EXERCISE GOAL: Reproduce the listing word for word. Skip any image.
START RAW DATA
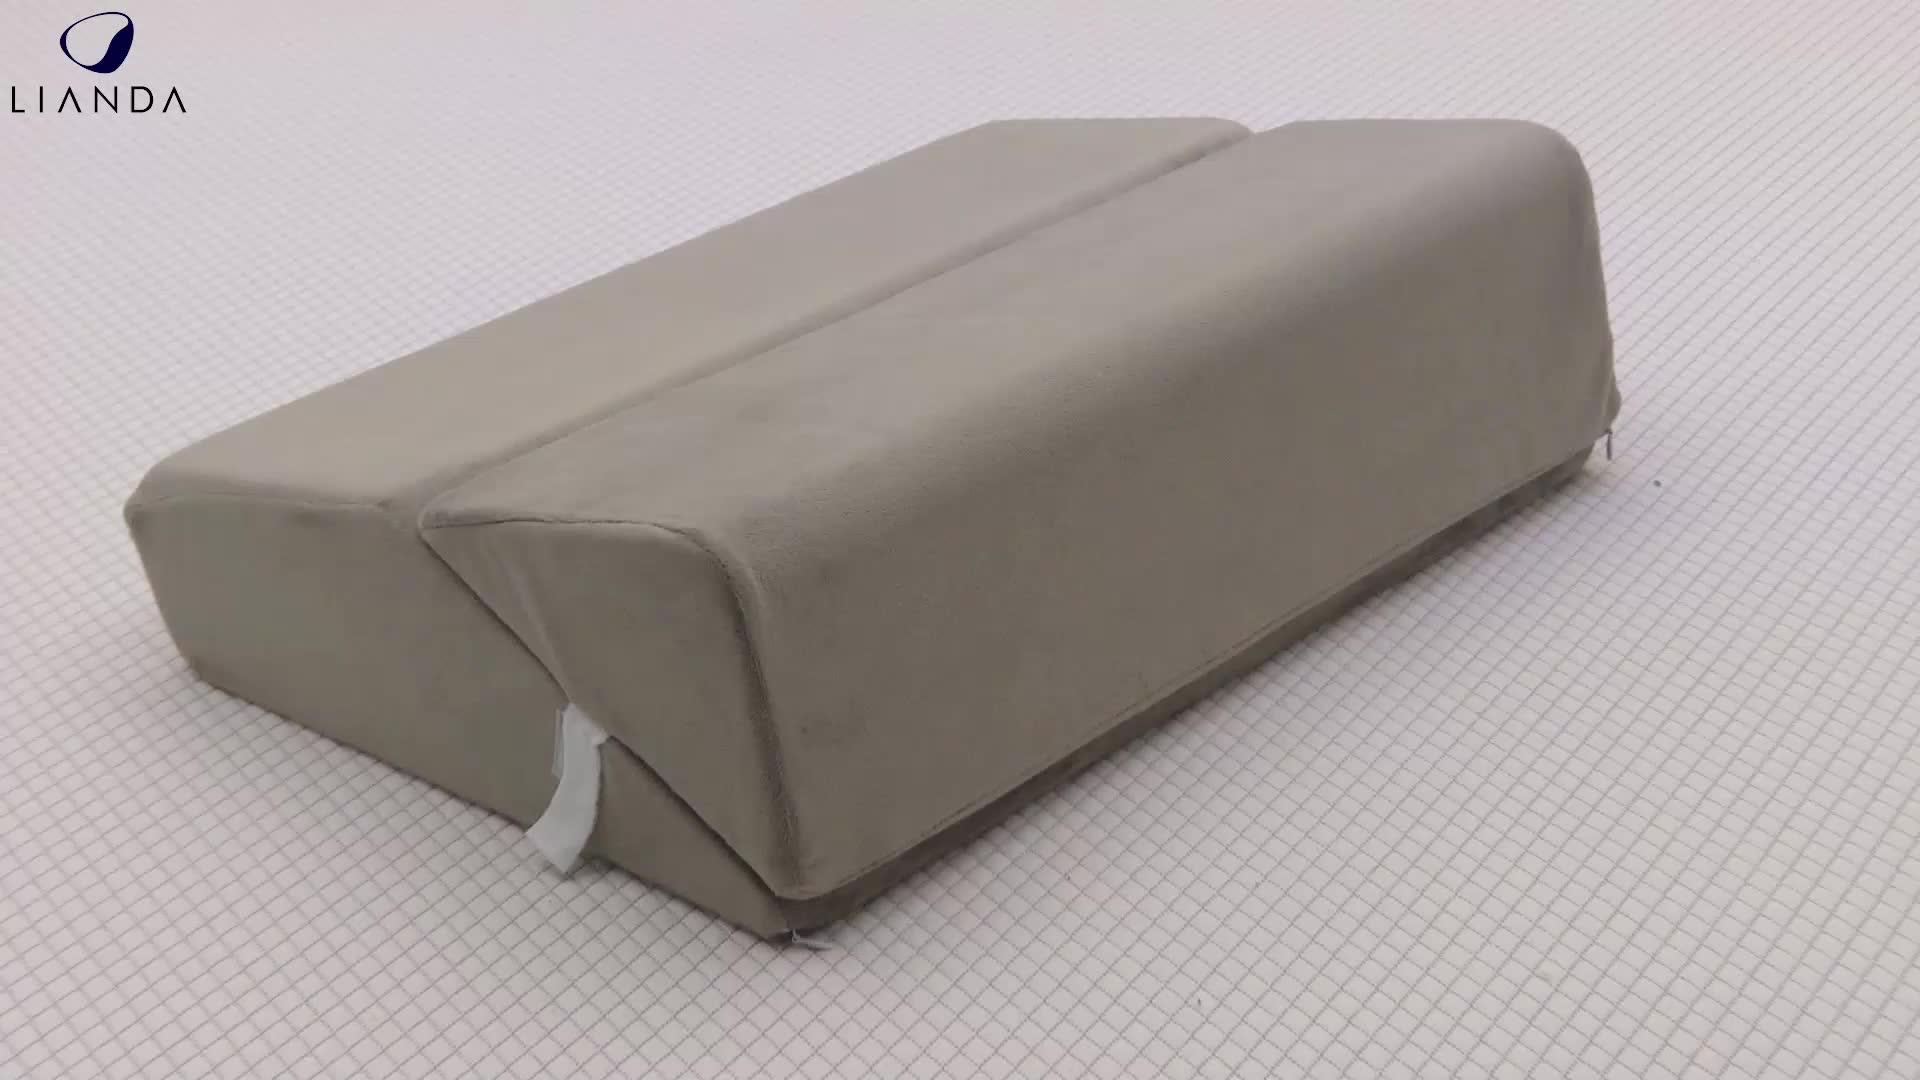 adjustable type wedge pdp broyhill pillow shop reviews sleep bed foam product memory gel
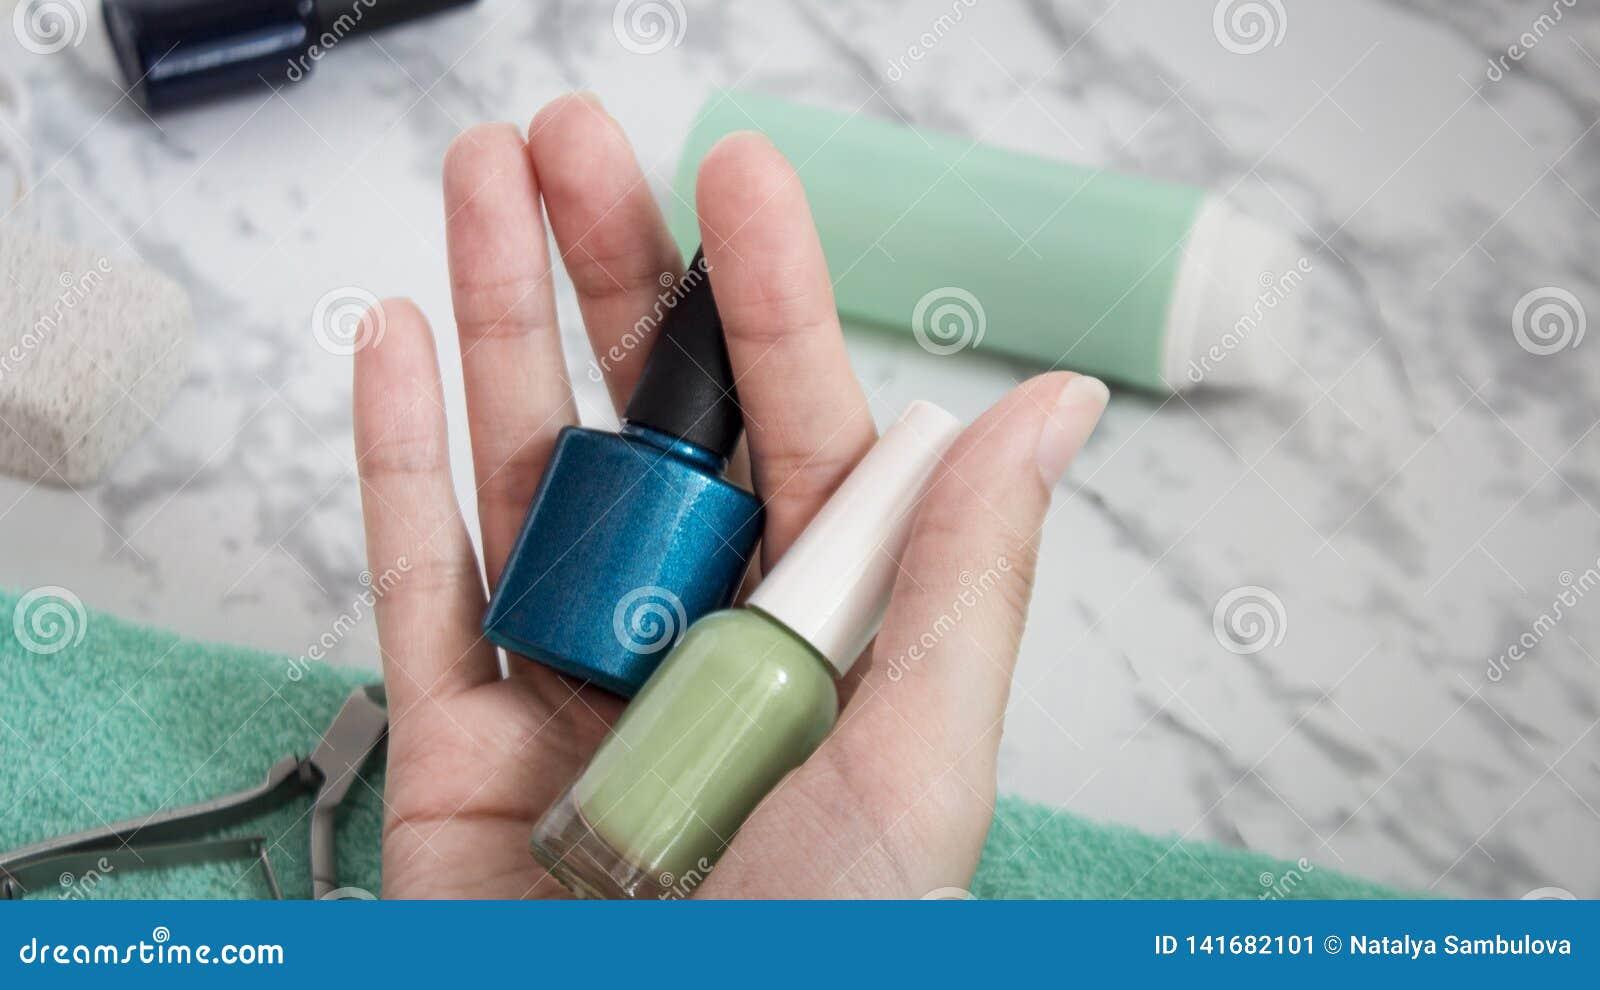 Дом заботы кожи руки, маникюр, салон спа, красота, мода, для женщин, маникюр
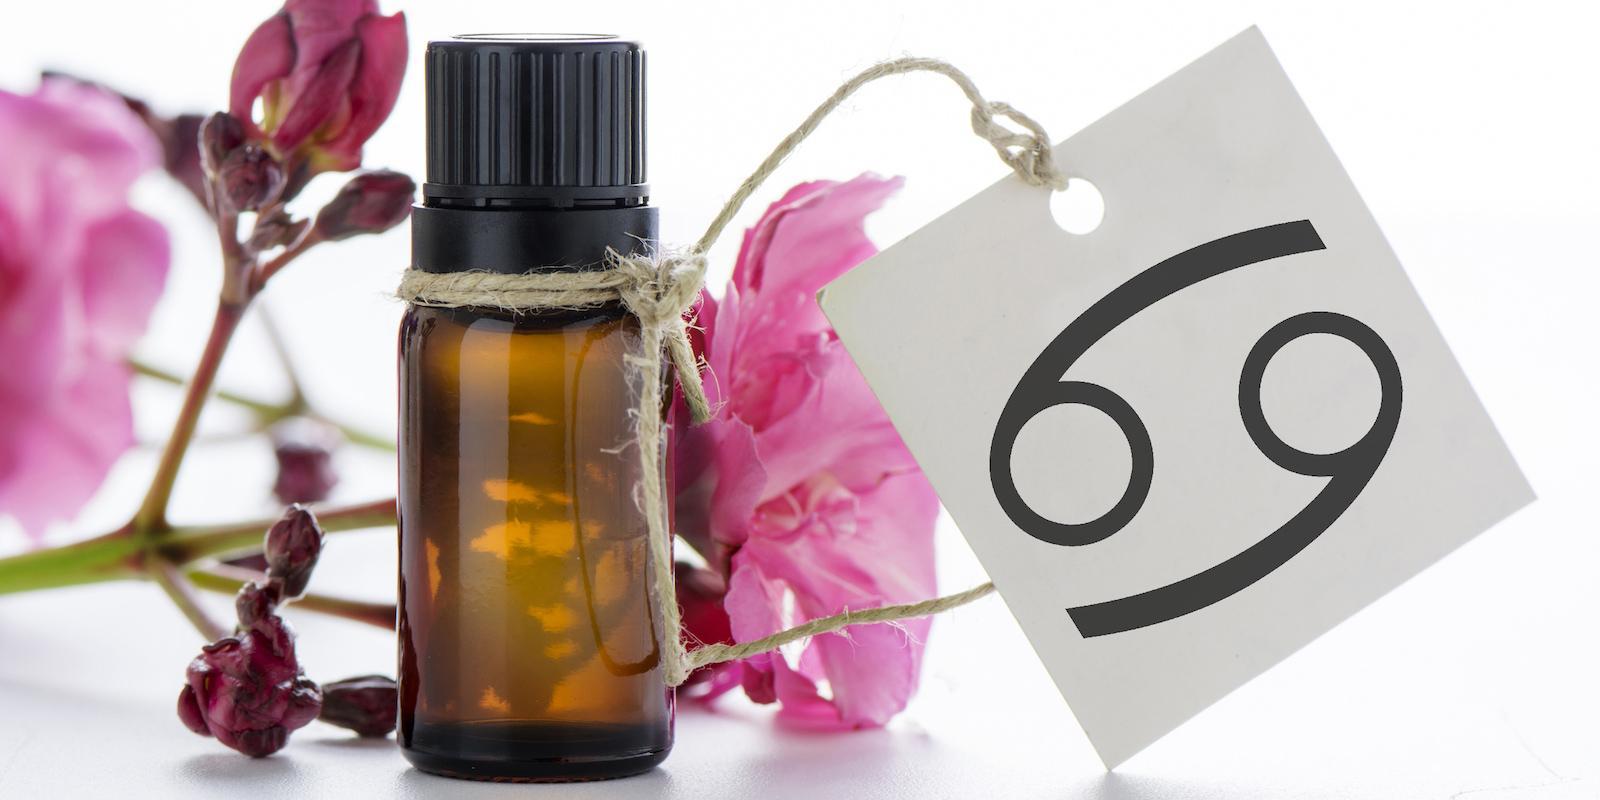 Aromaterapeutický horoskop - Rak
END RAW DATA
OUTPUT FOR THIS TASK:
 adjustable type wedge pdp broyhill pillow shop reviews sleep bed foam product memory gel
 Дом заботы кожи руки, маникюр, салон спа, красота, мода, для женщин, маникюр
 Aromaterapeutický horoskop - Rak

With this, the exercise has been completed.